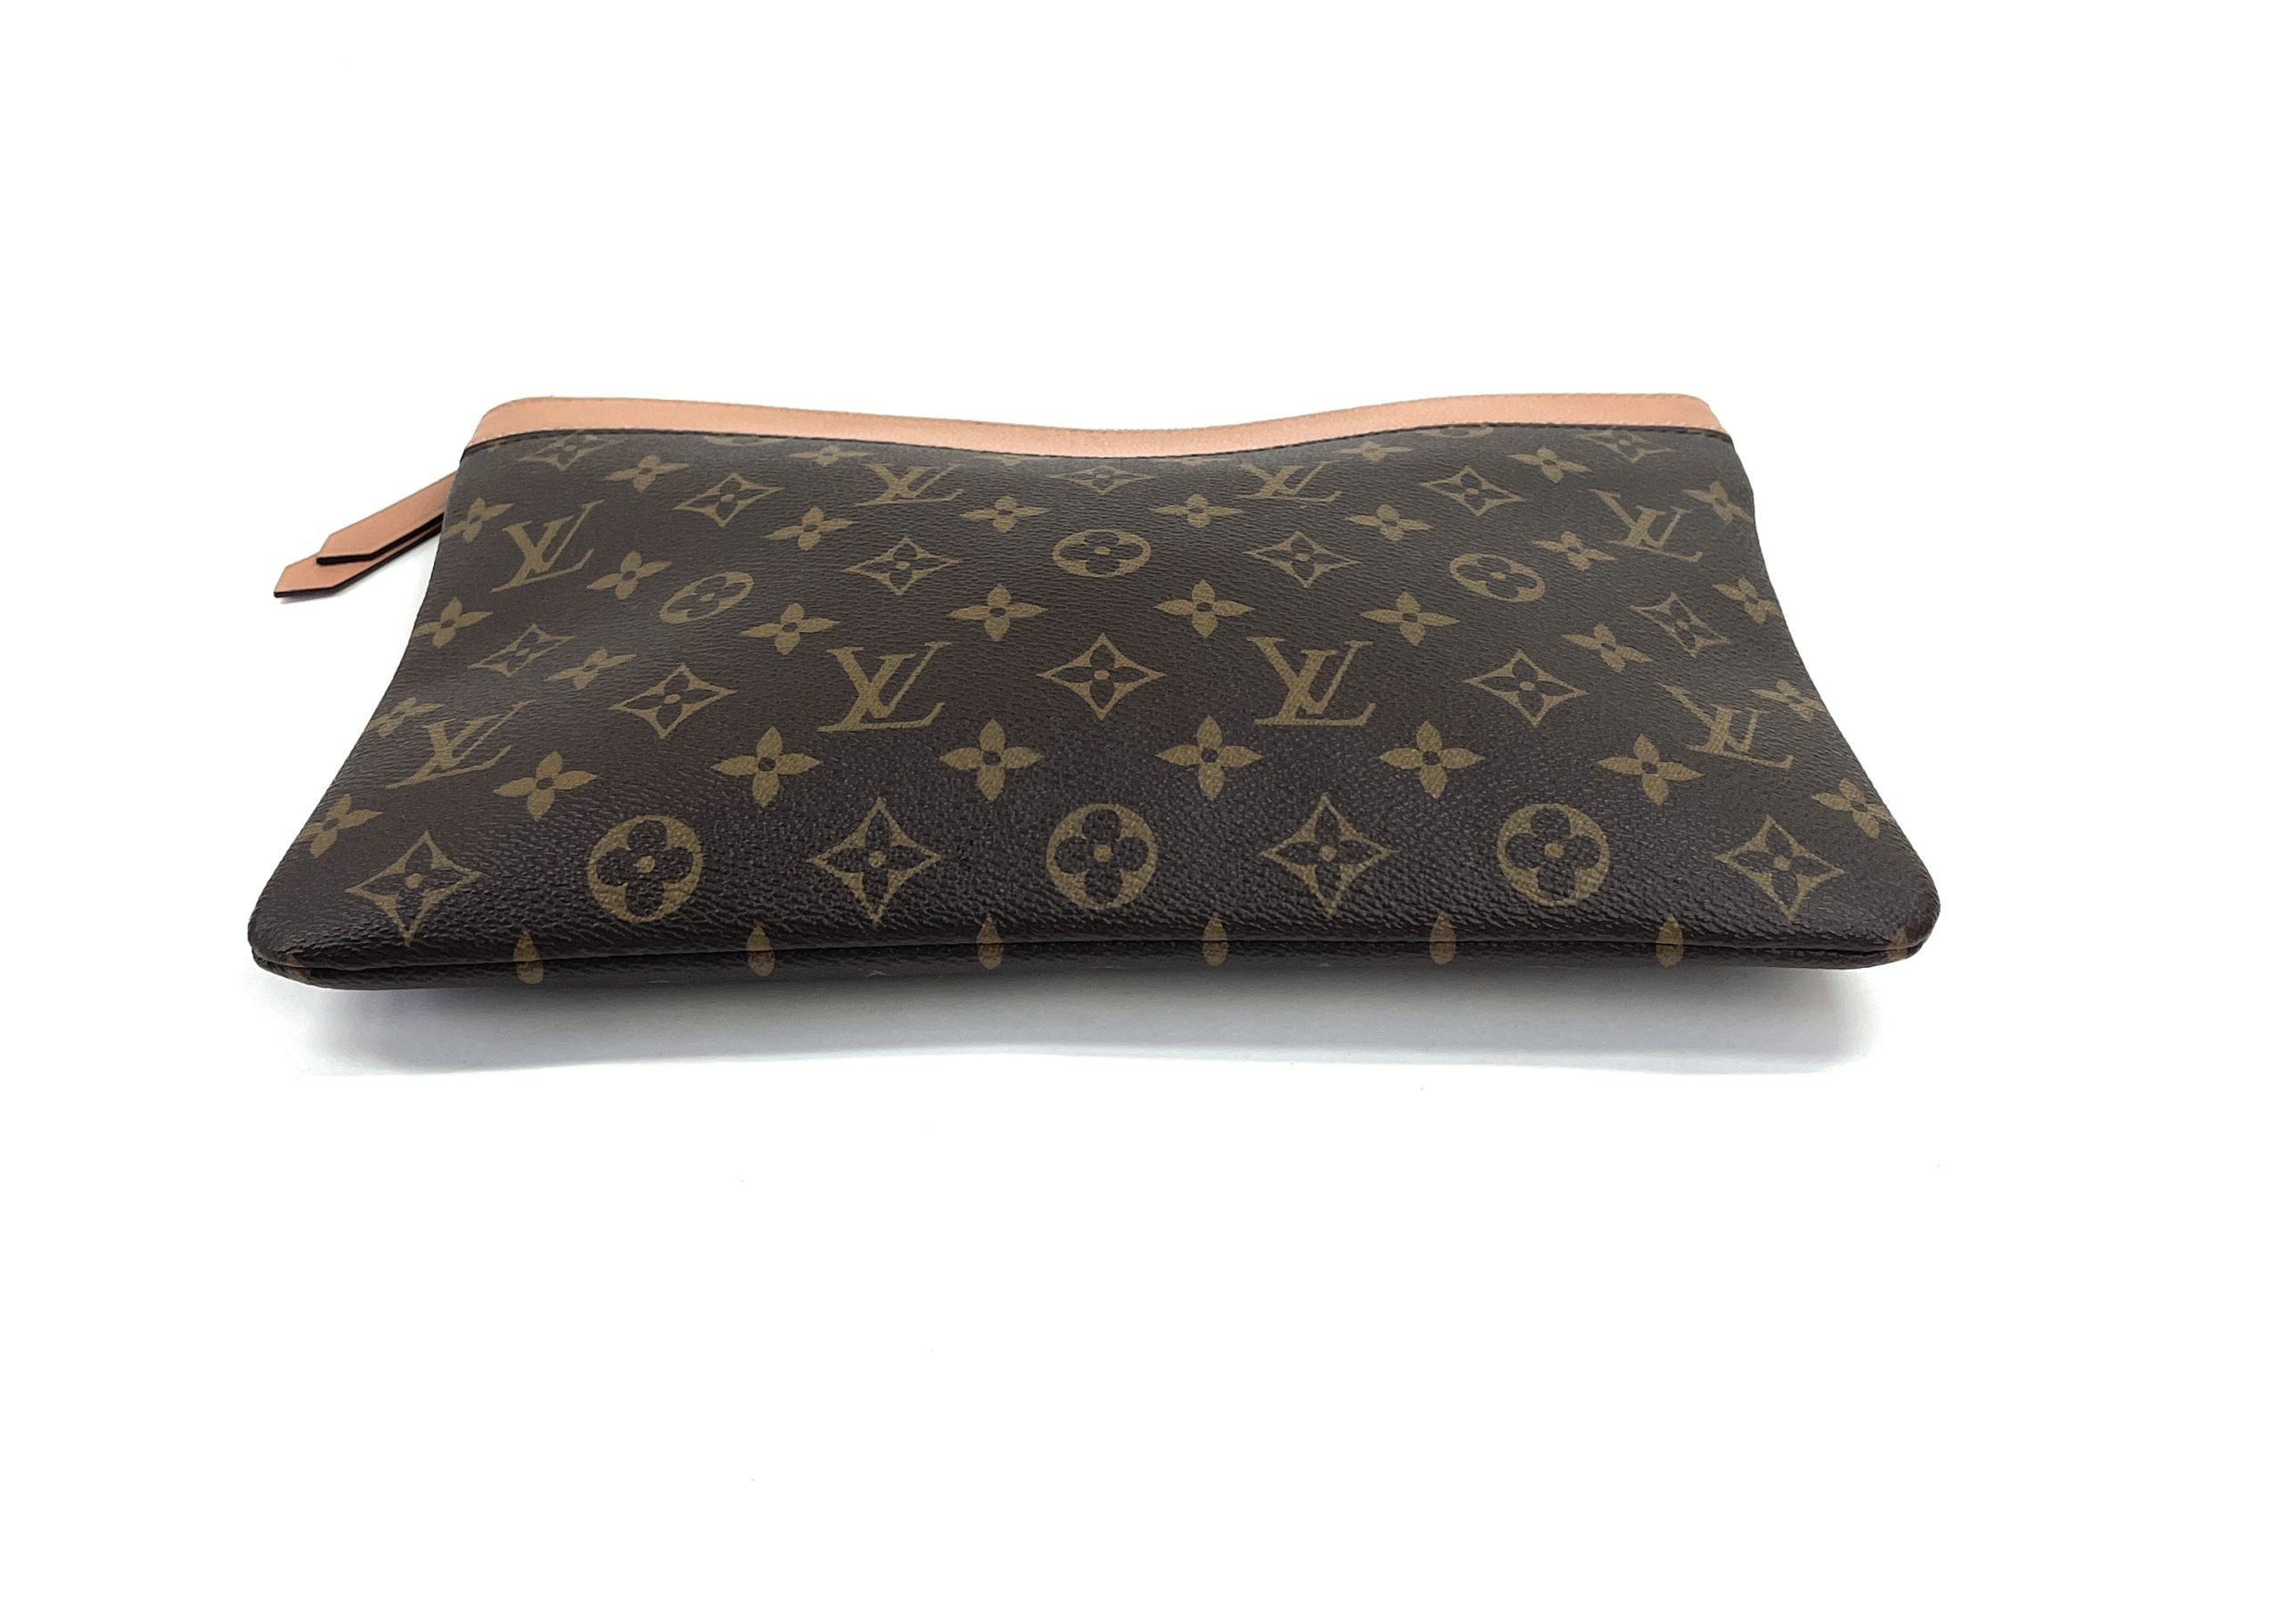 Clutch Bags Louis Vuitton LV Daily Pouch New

------

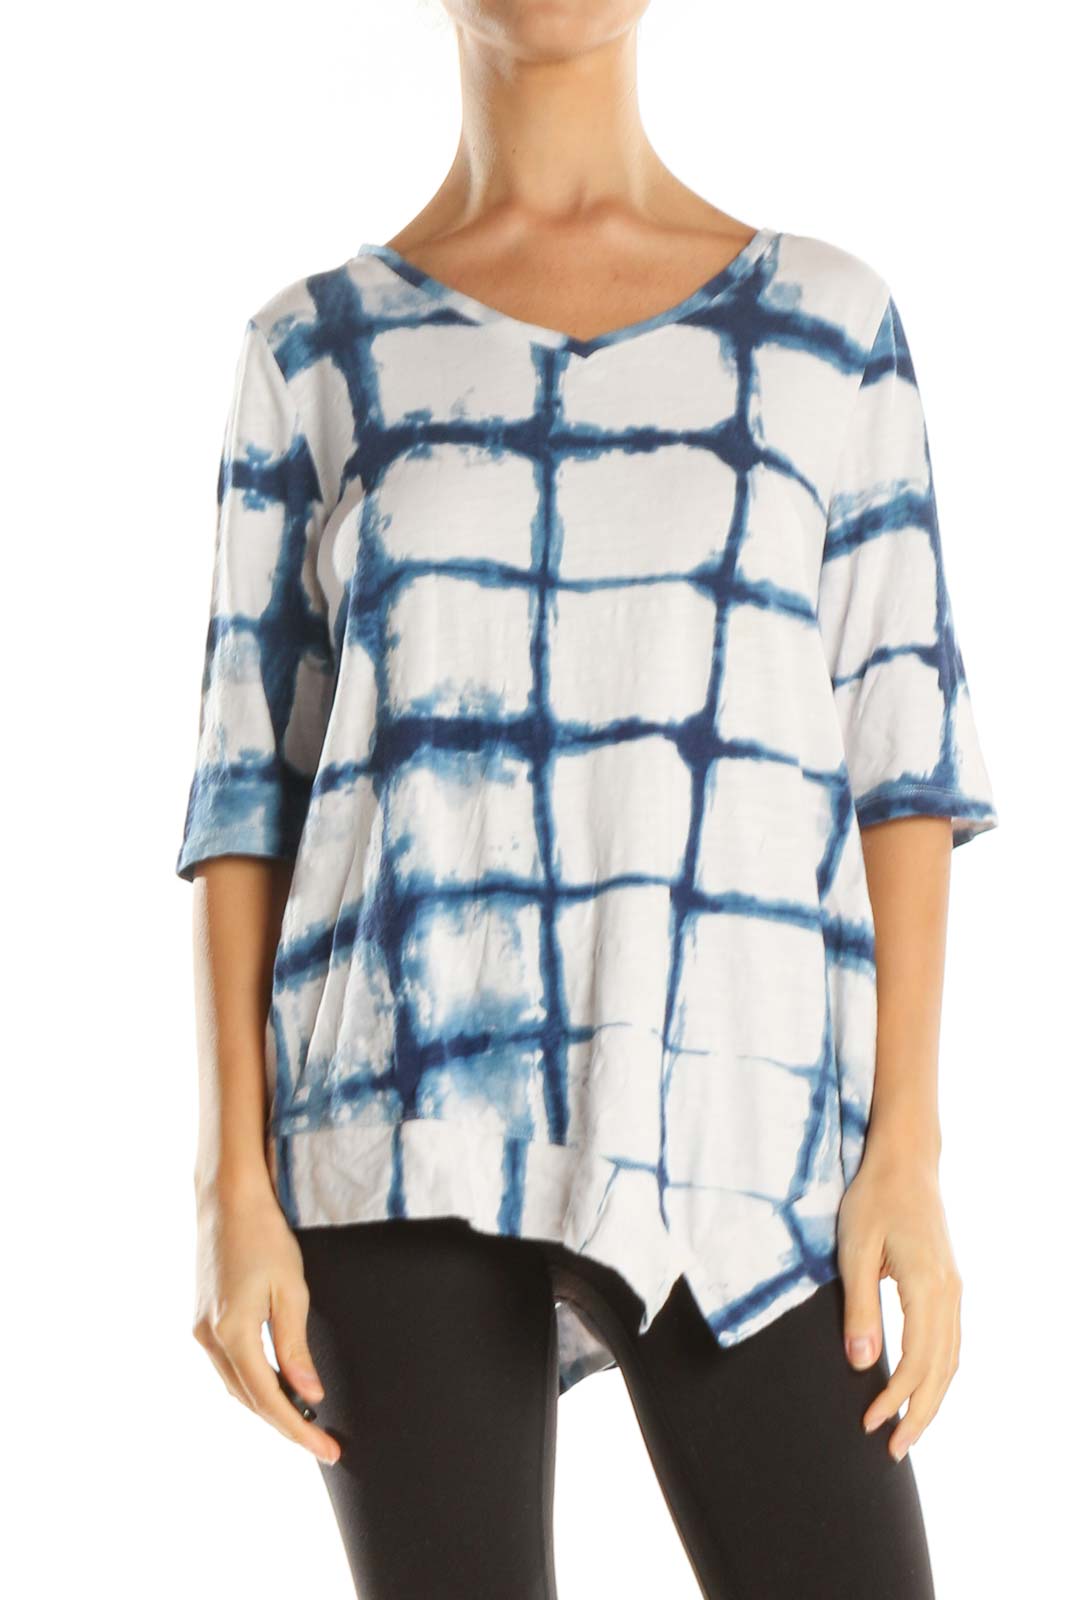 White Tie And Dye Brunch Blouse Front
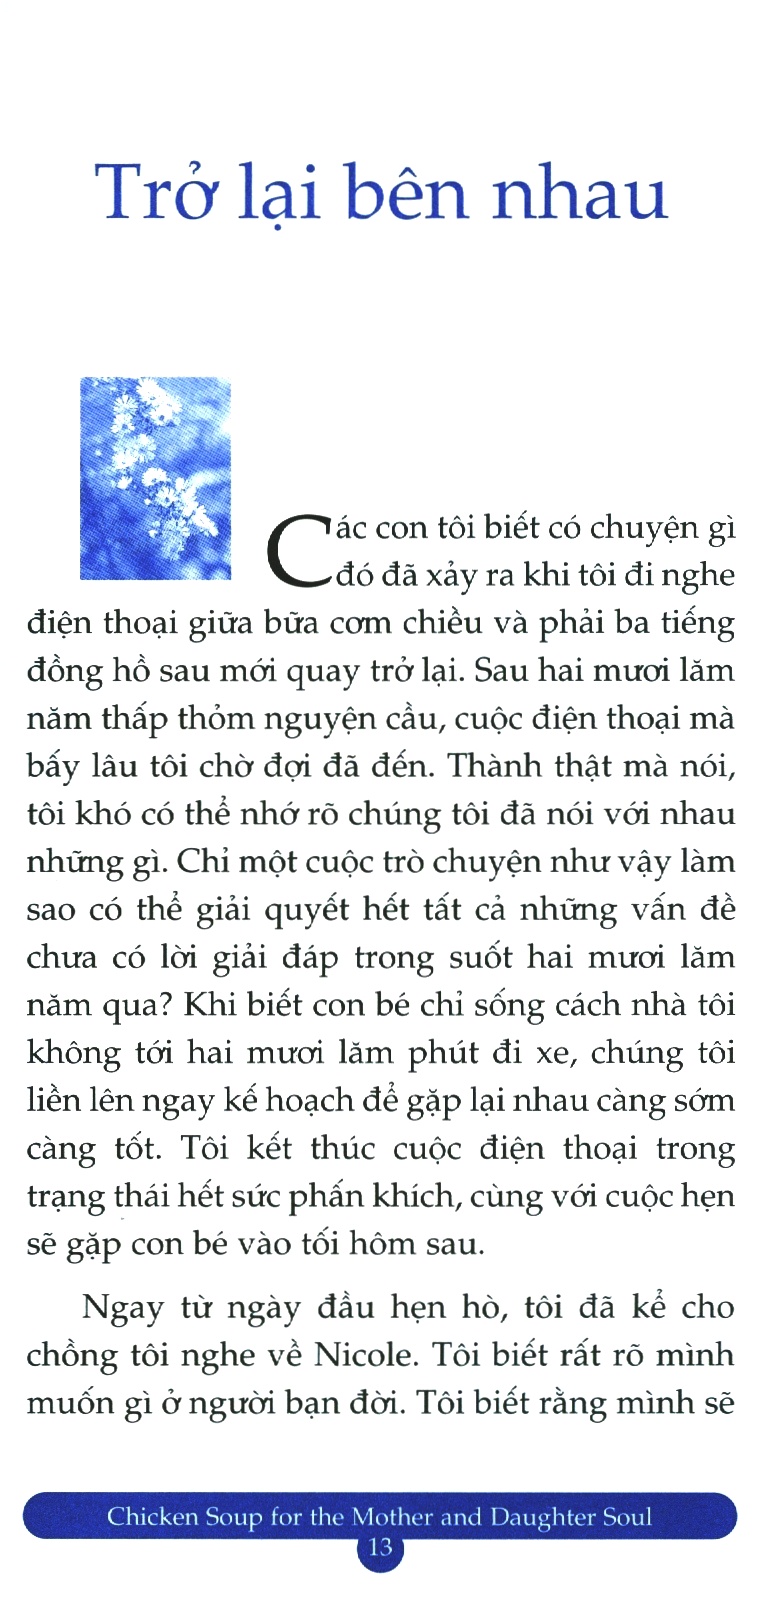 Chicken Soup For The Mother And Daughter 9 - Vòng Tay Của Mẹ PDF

------

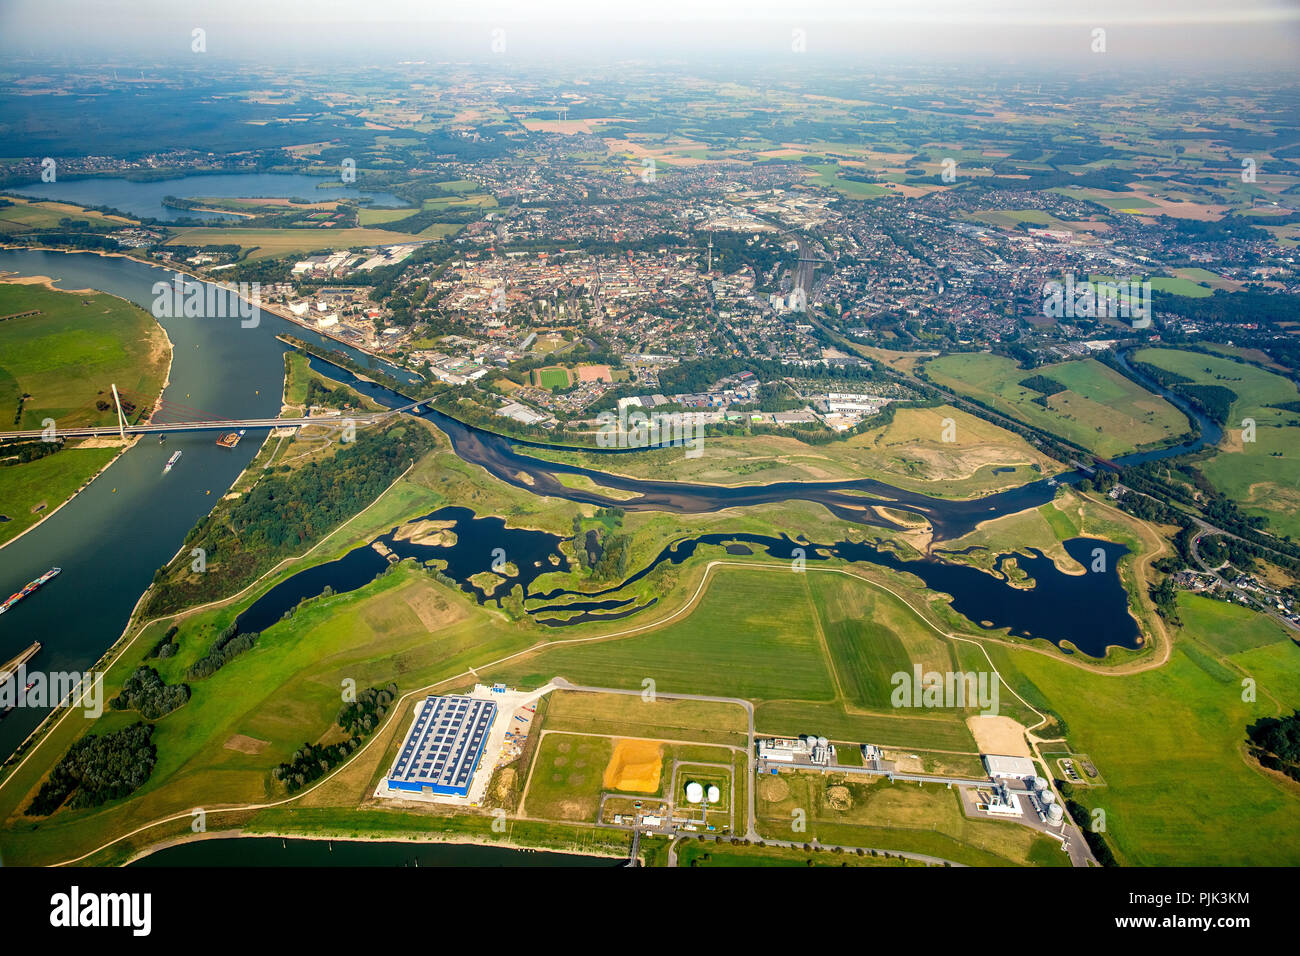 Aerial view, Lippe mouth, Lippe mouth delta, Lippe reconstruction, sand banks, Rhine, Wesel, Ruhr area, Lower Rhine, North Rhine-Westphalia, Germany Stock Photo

------

[Problem to work on]
Exactly reproduce the lines above, starting at the one that contains "White Tie And Dye Brunch Blouse Front" and ending at the one that contains "Chicken Soup For", both inclusive; leave the pictures out and add no other lines.

[Response]
 White Tie And Dye Brunch Blouse Front
 Chicken Soup For The Mother And Daughter 9 - Vòng Tay Của Mẹ PDF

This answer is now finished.